1995 Lotus Development Corporation for $3.5 billion.
1995 ibm Tivoli Systems t21 for $750 consumibles million.
1997 Software Artistry for $200 million.
1997 Unison Software.
1998 CommQuest Technologies.
1999 Mylex Corporation.
1999 Sequent Computer Systems for $810 driver million.
2001 Informix Software (a purchase of assets rather than a true acquisition) for $1.0 billion.
January, 2002 Crossworlds.
2002 PricewaterhouseCoopers' Consulting generation for $3.5 billion (recalculated ibm by IBM in August 2003 as $3.9 billion).
October, 2003 CrossAccess.
2003 Rational Software Corporation for $2.1 billion.
2003 Presence Online, Aptrix. employee July.
2004 Maersk Data & DMData.
March, 2004 Logicalis c500 Australia and Logical CSI New Zealand, renamed to Cerulean Solutions in April 2005.
April, 2004 Candle Corp., Daksh eServices in India.
July, 2004 Alphablox.
July, 2004 Cyanea Systems.
August, 2004 Venetica.
October, 2004 Systemcorp.
February 2005 Corio crio for $211 million
May 2005 Gluecode.
manuals July 2005 PureEdge.
August, 2005 DWL.
Spinoffs
1934 Dayton Scale Division is sold to the Hobart
Manufacturing Company.
1942 Ticketograph Division ibm is sold to the National Postal Meter Company.
1958 Time history Equipment Division is sold to the Simplex Time Recorder Company.
December, 2004 Lenovo acquires IBM Personal Systems Group, 10 000 ibm employees and telecom $9 billion in revenue.
Taligent, a joint software venture with Apple Computer.
Lexmark (keyboards, typewriters, and printers). Lexmark has sold its keyboard and typewriter businesses. IBM Printing Systems now competes with Lexmark.
Hitachi Global Storage Technologies now provides many of the hardware storage solutions formerly provided by director IBM, including
IBM Harddrives & The Microdrive. IBM ibm continues to develop storage solutions, including Tape Backup, Storage software, etc.
ibm ScanSoft now sell and memory support IBM's speech technology products under the ViaVoice brand.
Prodigy, formerly a joint venture with Sears.
AT&T Business Internet, formerly IBM Global Network, formerly Advantis (joint venture with Sears).
ARDIS mobile packet network, a joint venture with Motorola. Now Motient.
Projects
BlueEyes
BlueEyes is the name of a human recognition venture initiated by IBM x31 to allow people to interact with computers in a ibm more natural manner. The technology aims to enable devices to recognize and use natural input, such as facial ibm expressions.

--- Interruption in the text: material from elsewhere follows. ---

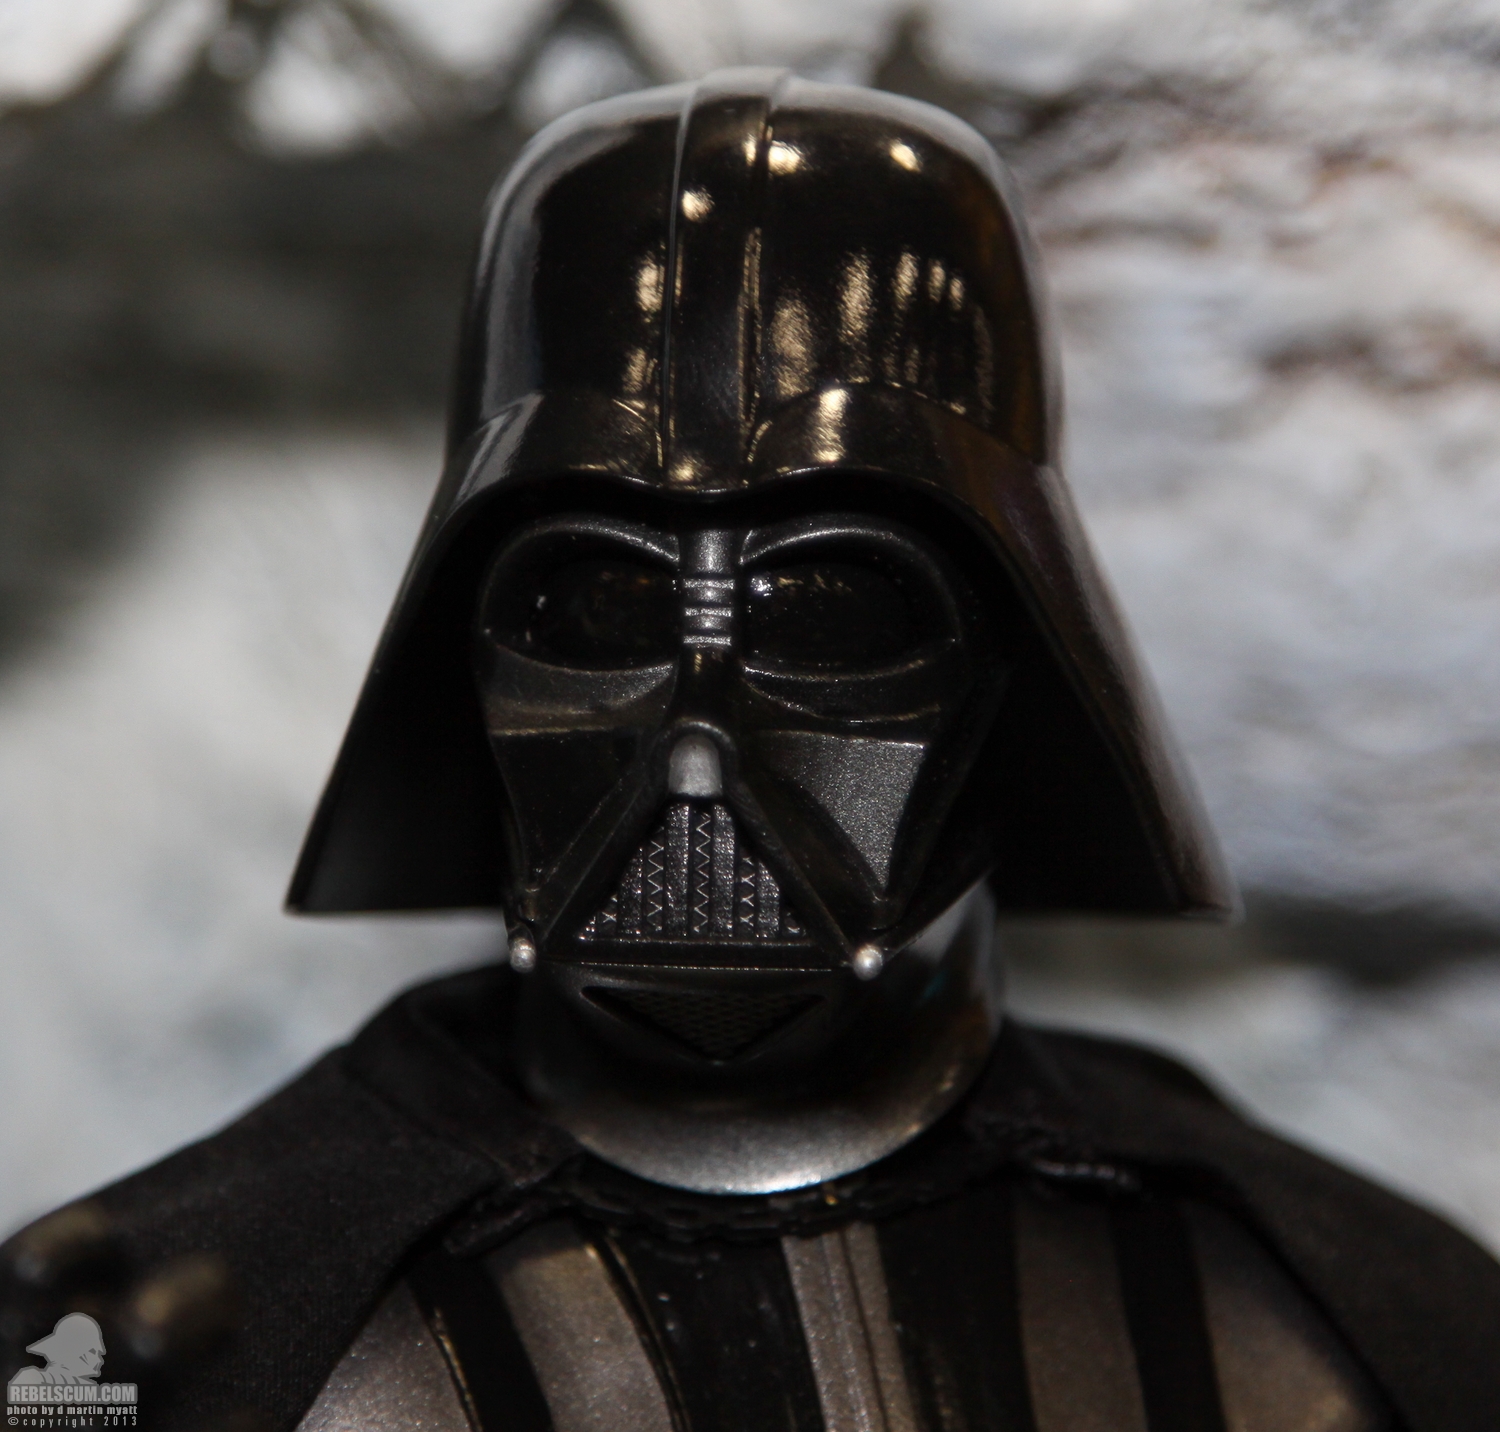 SDCC_2013_Sideshow_Collectibles_Star_Wars_Wed-023.jpg

as/400 The initial developments of this project
include scroll mice and other input devices that sense the user's pulse, monitor his or
her ibm facial expressions, and the movement of his or her eyelids.
thinkpad alphaWorks
Free software available at alphaWorks (IBM's showcase for emerging software technology):
Flexible Internet 3270 Evaluation Report Architecture: A highly flexible architecture for the design, display, and reporting
of Internet surveys.
History Flow Visualization Application: A tool for visualizing dynamic, evolving documents and the interactions of multiple collaborating authors. Examples from Wikipedia. [7] [8]
IBM Performance Simulator for Linux on POWER: A tool ibm that provides users of Linux on Power a set of performance models for IBM's POWER processors.

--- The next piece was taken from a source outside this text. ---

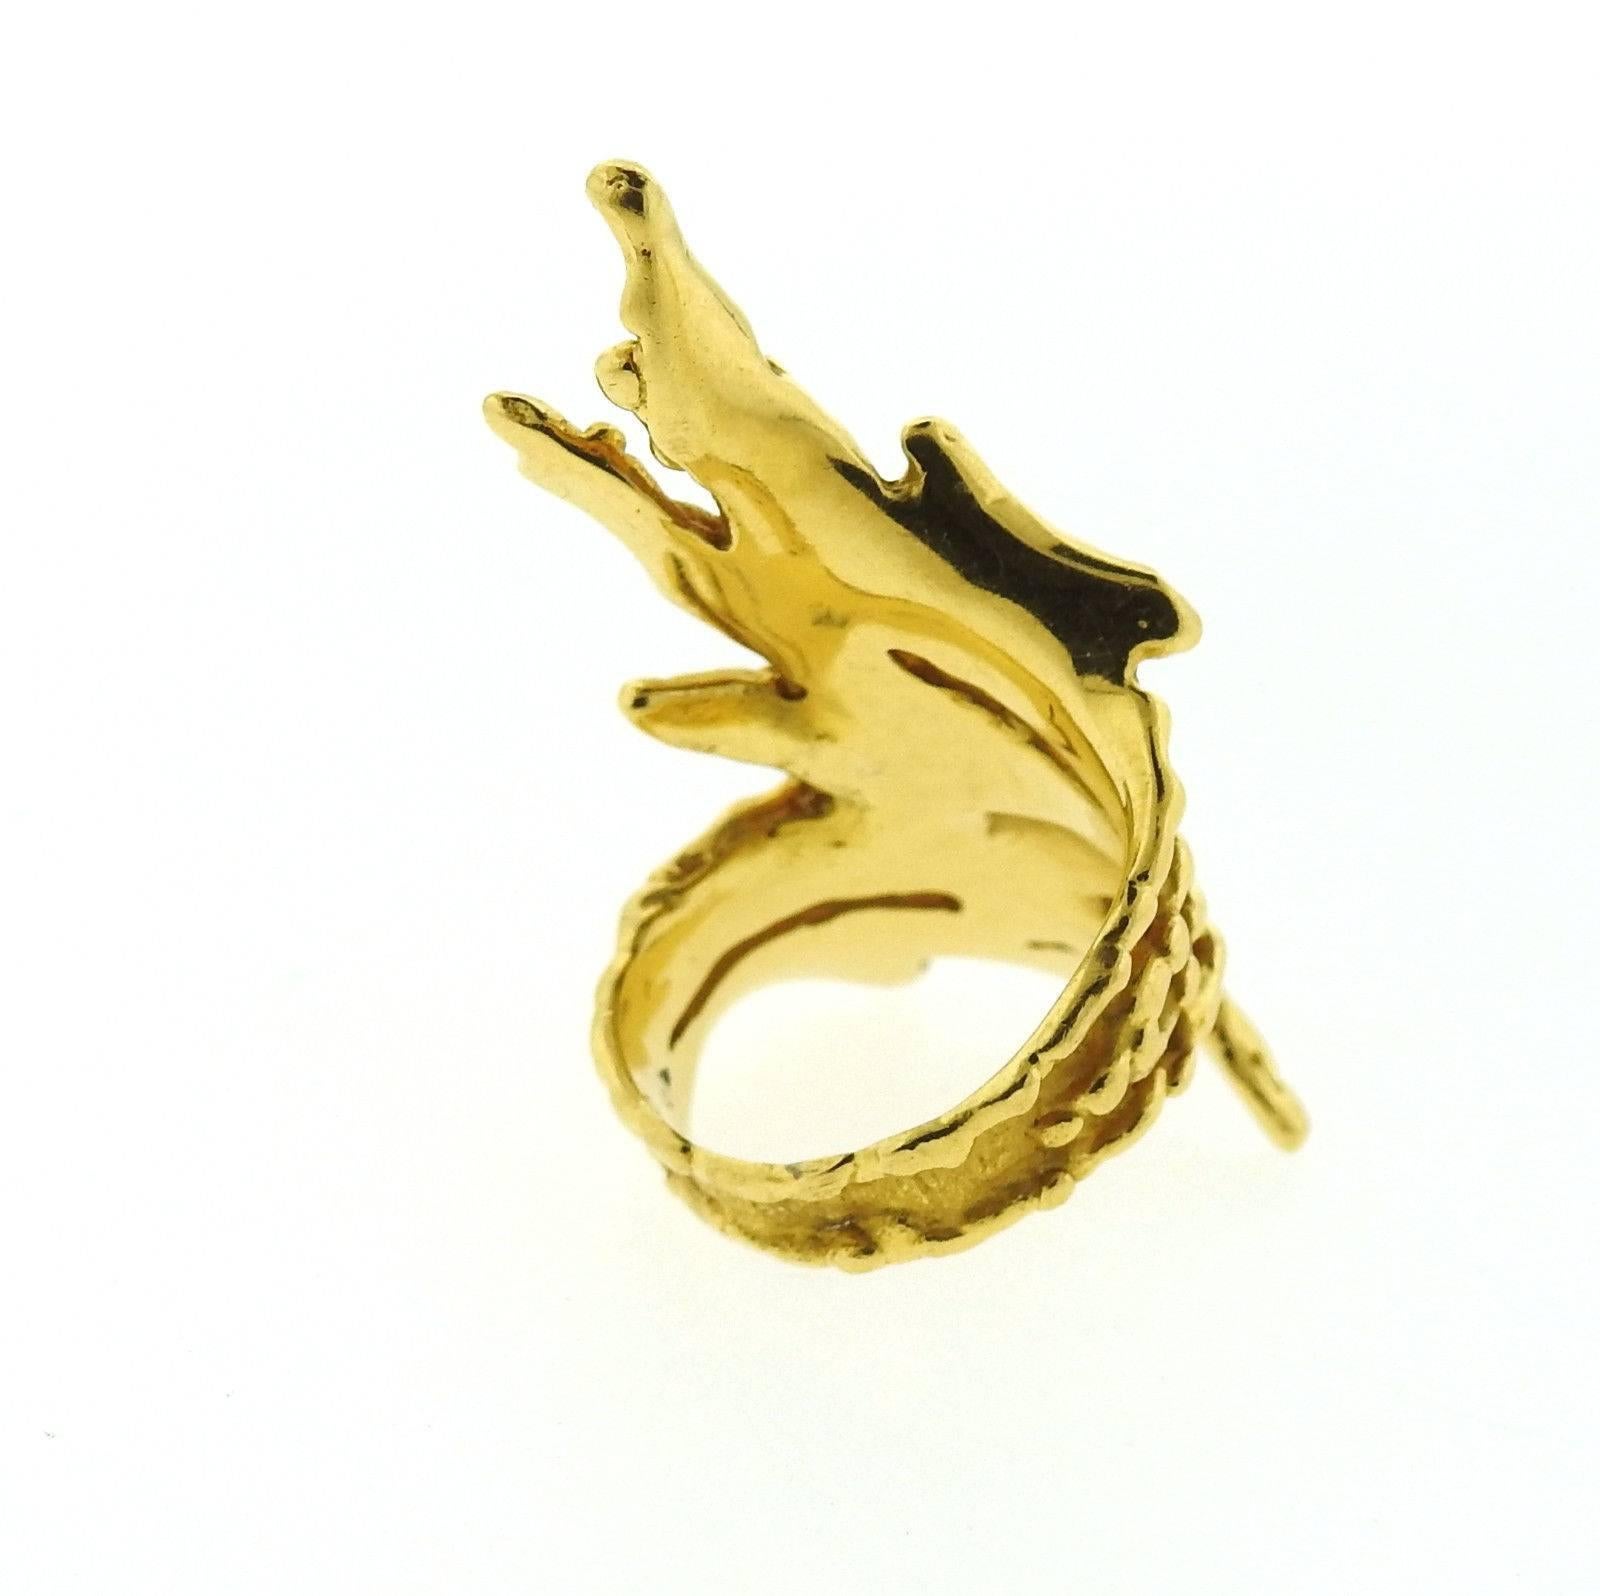 An 18k yellow gold ring set with approximately 0.09ctw of HI/SI diamonds.  The ring is a size 6, ring top is 45mm wide.  The weight of the ring is 14.3 grams.

Database File Archive And Restoration Management: An application for archiving and restoring hard disk files whose file references are stored in a database.
Policy Management for Autonomic Computing: A policy-300 based autonomic management infrastructure that simplifies the automation of IT and business processes. (This is an ibm ETTK e technology.)
FairUCE: A spam filter that stops spam by verifying series sender identity instead of filtering history content. Information provided by Wikipedia.